**Work to complete**. Would you repeat the listing exactly, without any of its images?

**Raw data**.
[Start of section]
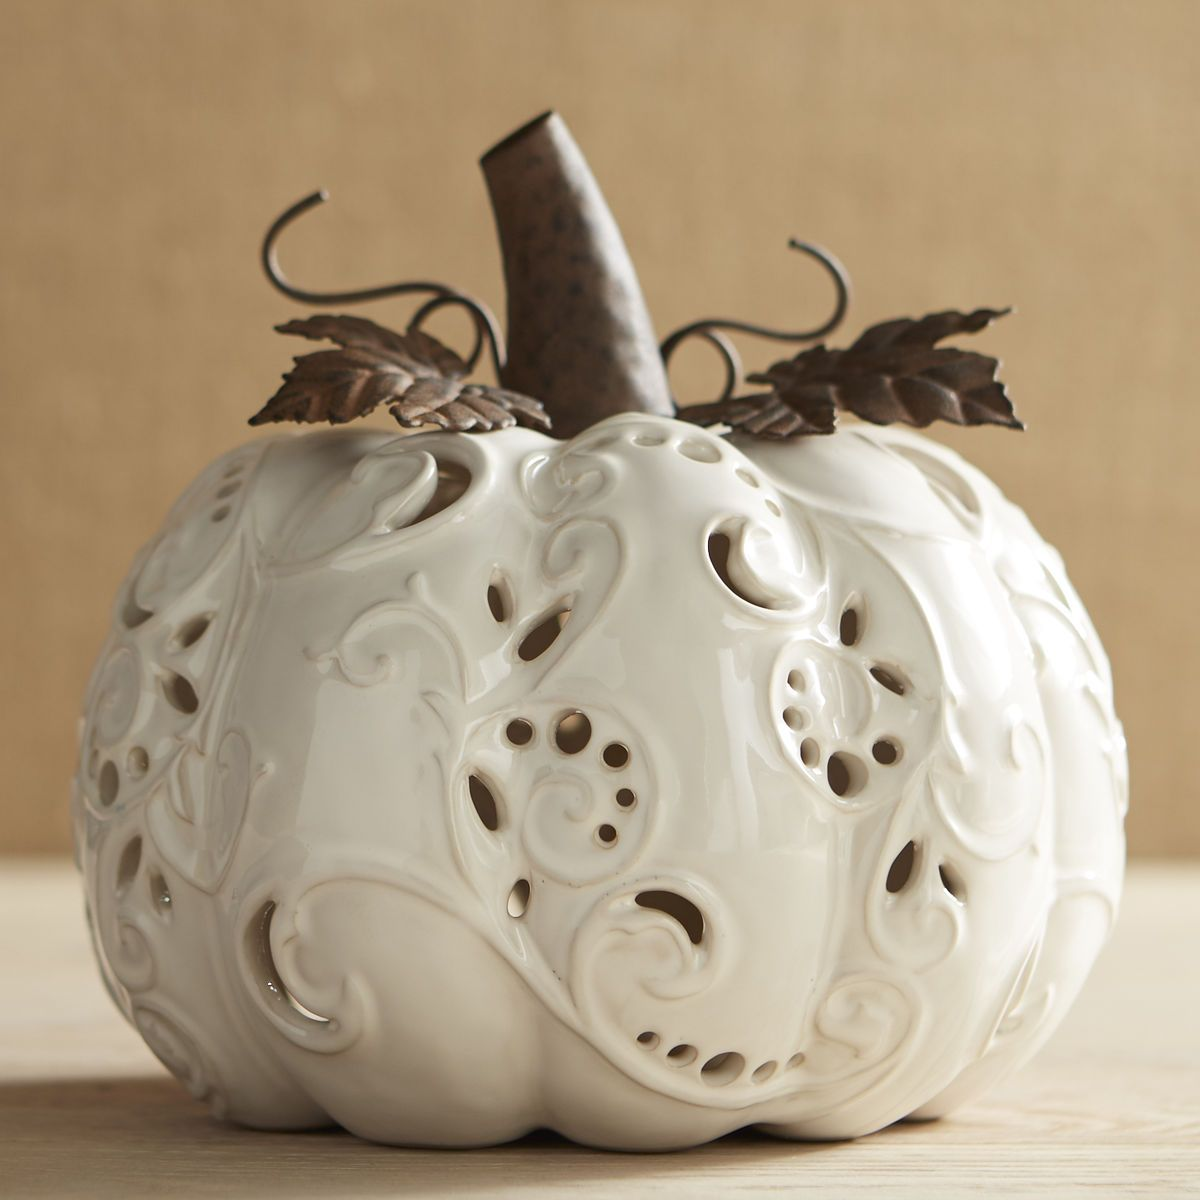 Large Ceramic Ivory Pumpkin Tealight Candle Holder Pier 1
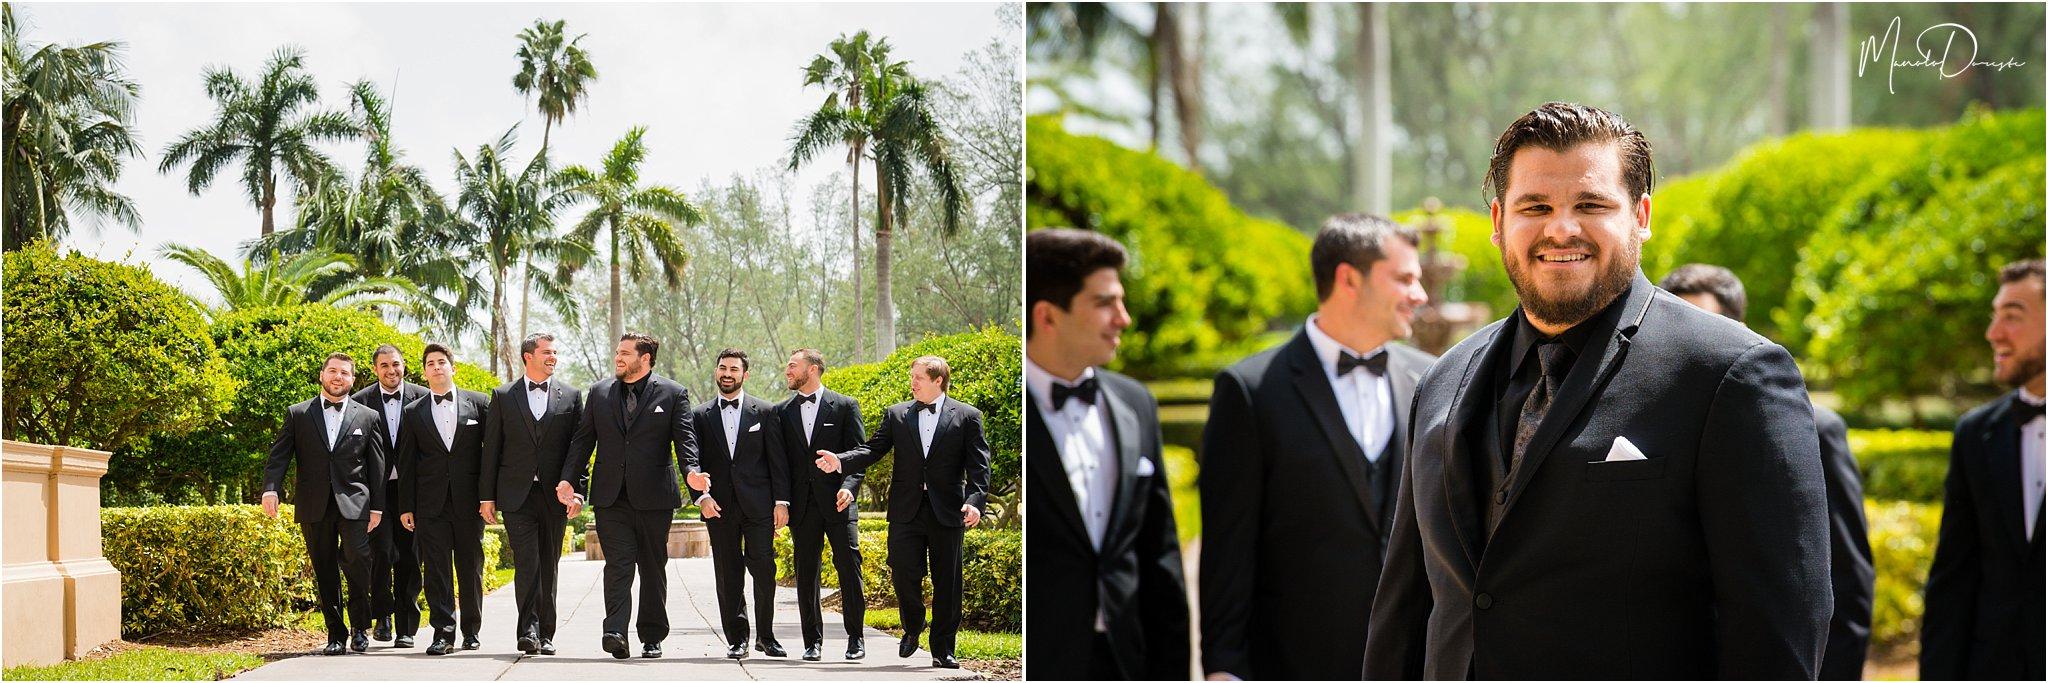 0158_ManoloDoreste_InFocusStudios_Wedding_Family_Photography_Miami_MiamiPhotographer.jpg
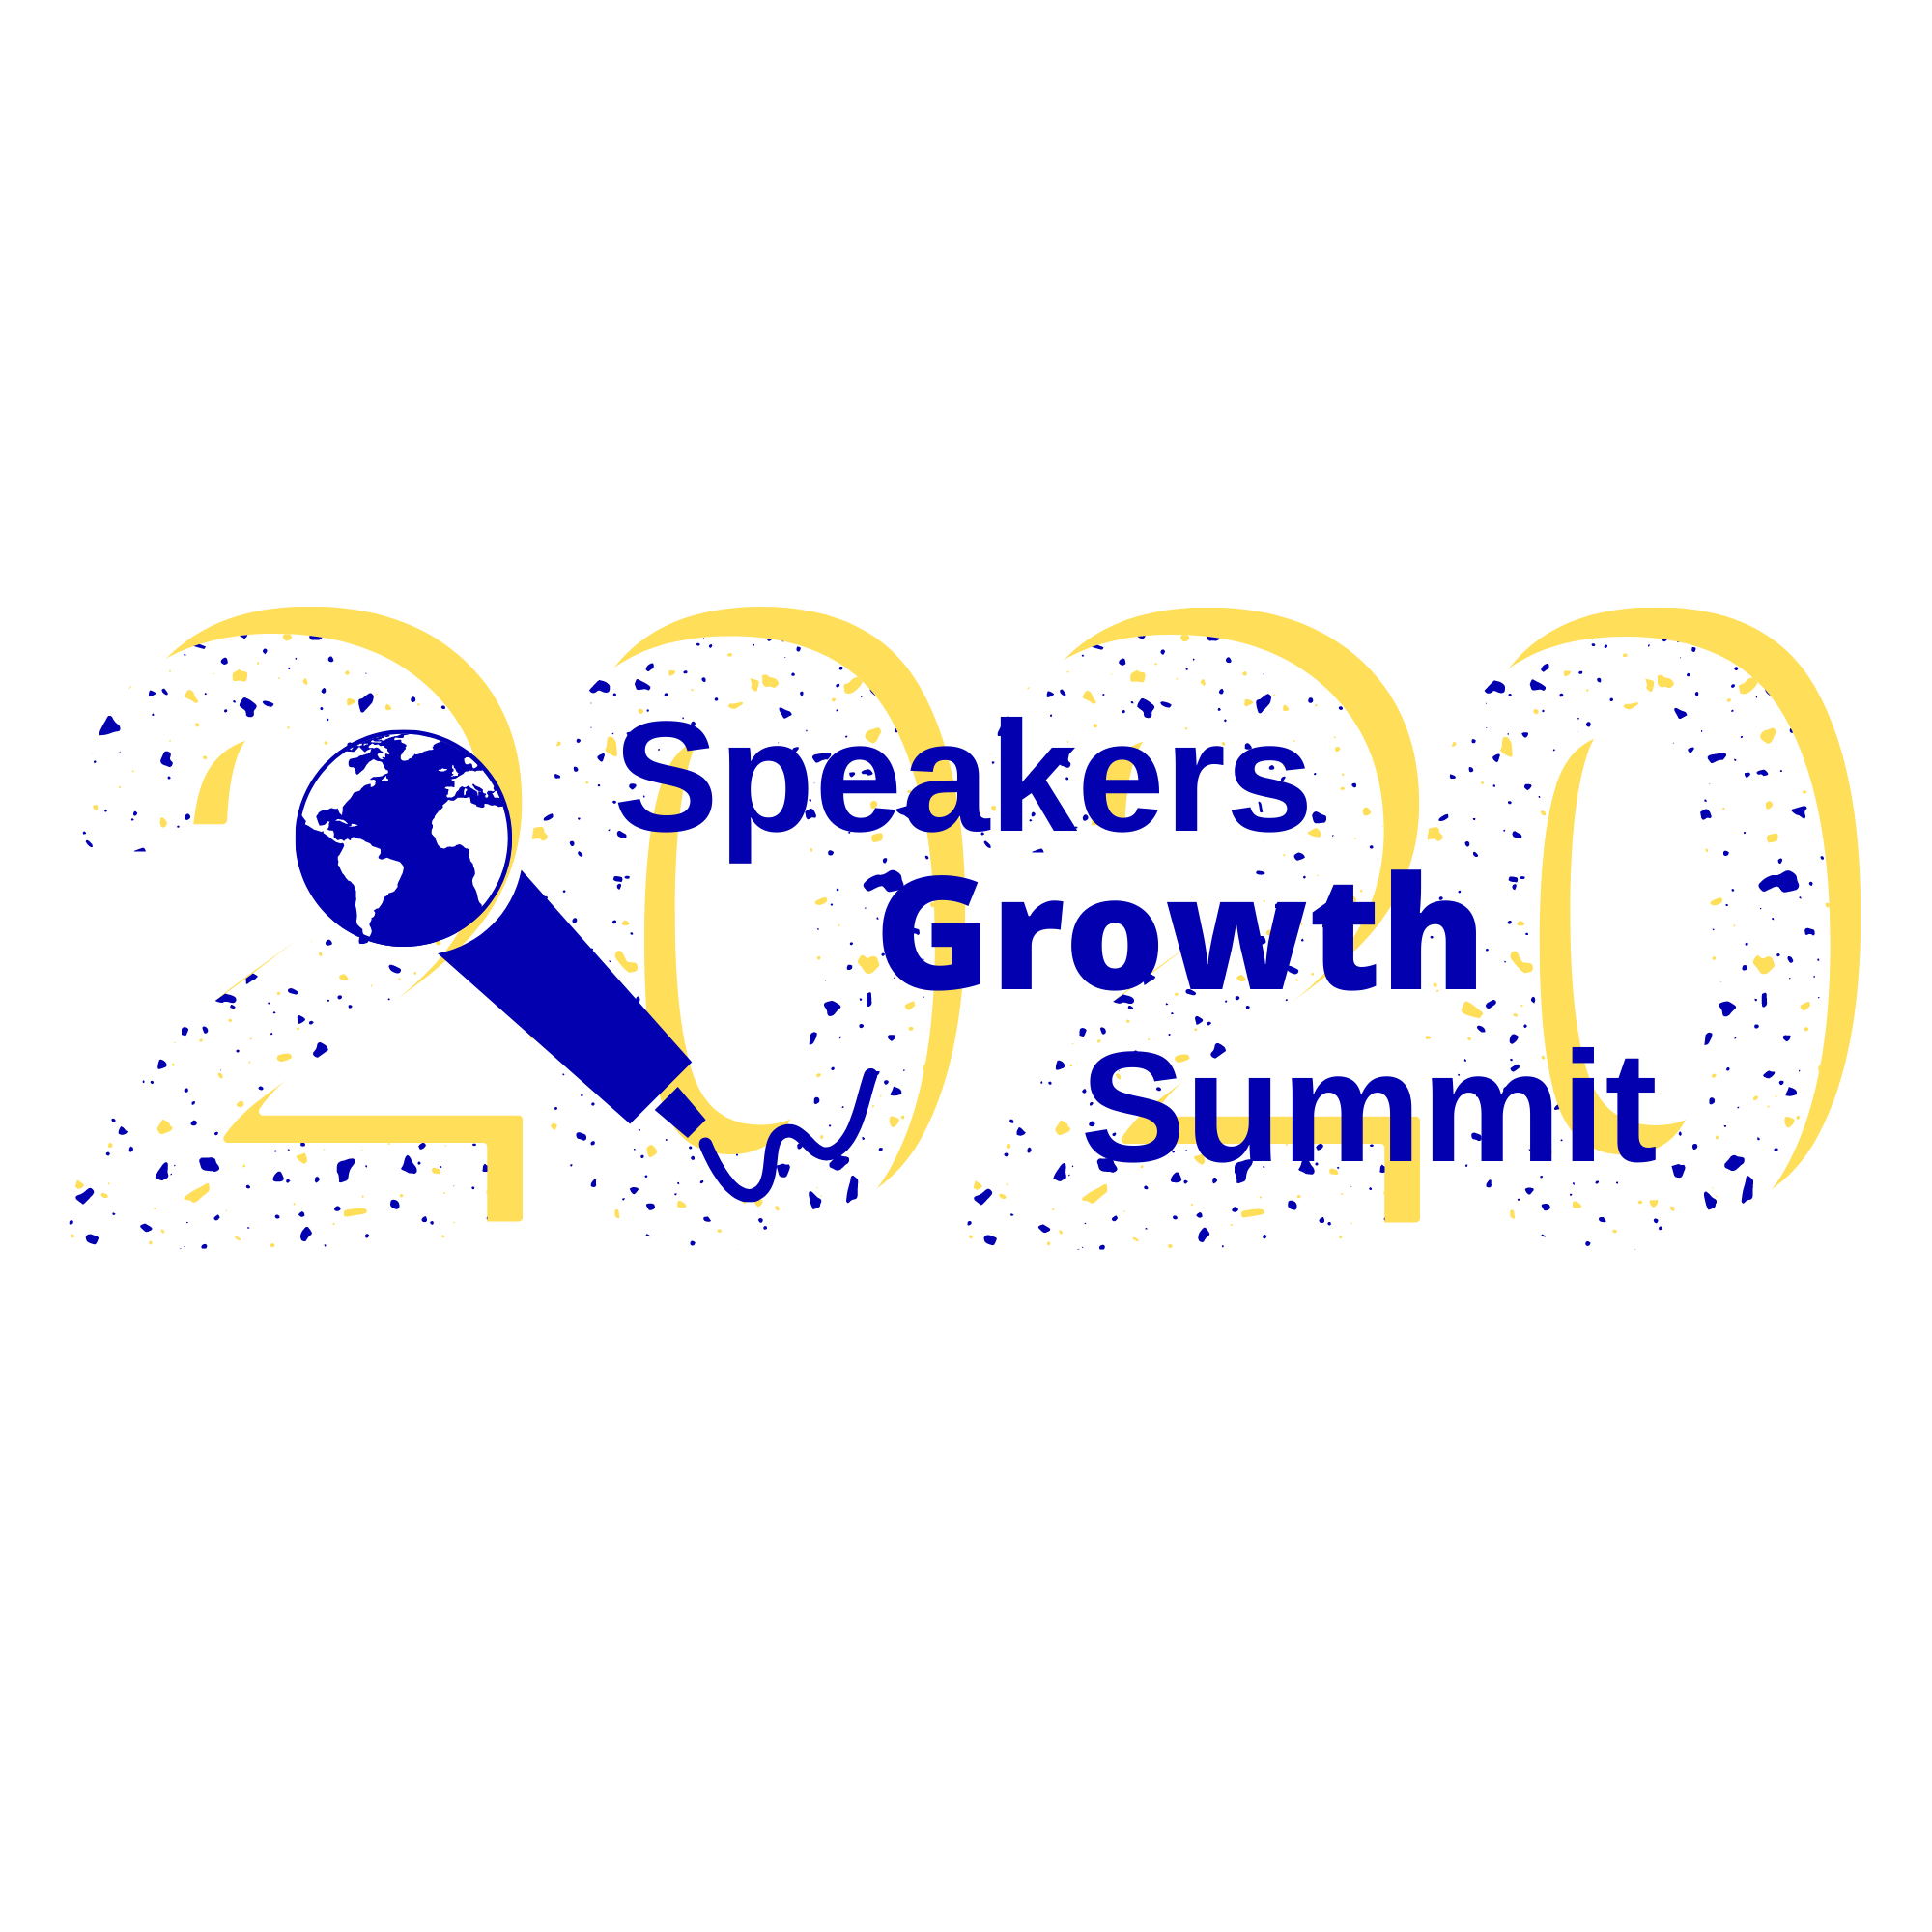 Bizniversity® Announces 2020 Virtual Speakers Growth Summit
[End of section]
**Answer for the task**.
 Large Ceramic Ivory Pumpkin Tealight Candle Holder Pier 1
 0158_ManoloDoreste_InFocusStudios_Wedding_Family_Photography_Miami_MiamiPhotographer.jpg
 Bizniversity® Announces 2020 Virtual Speakers Growth Summit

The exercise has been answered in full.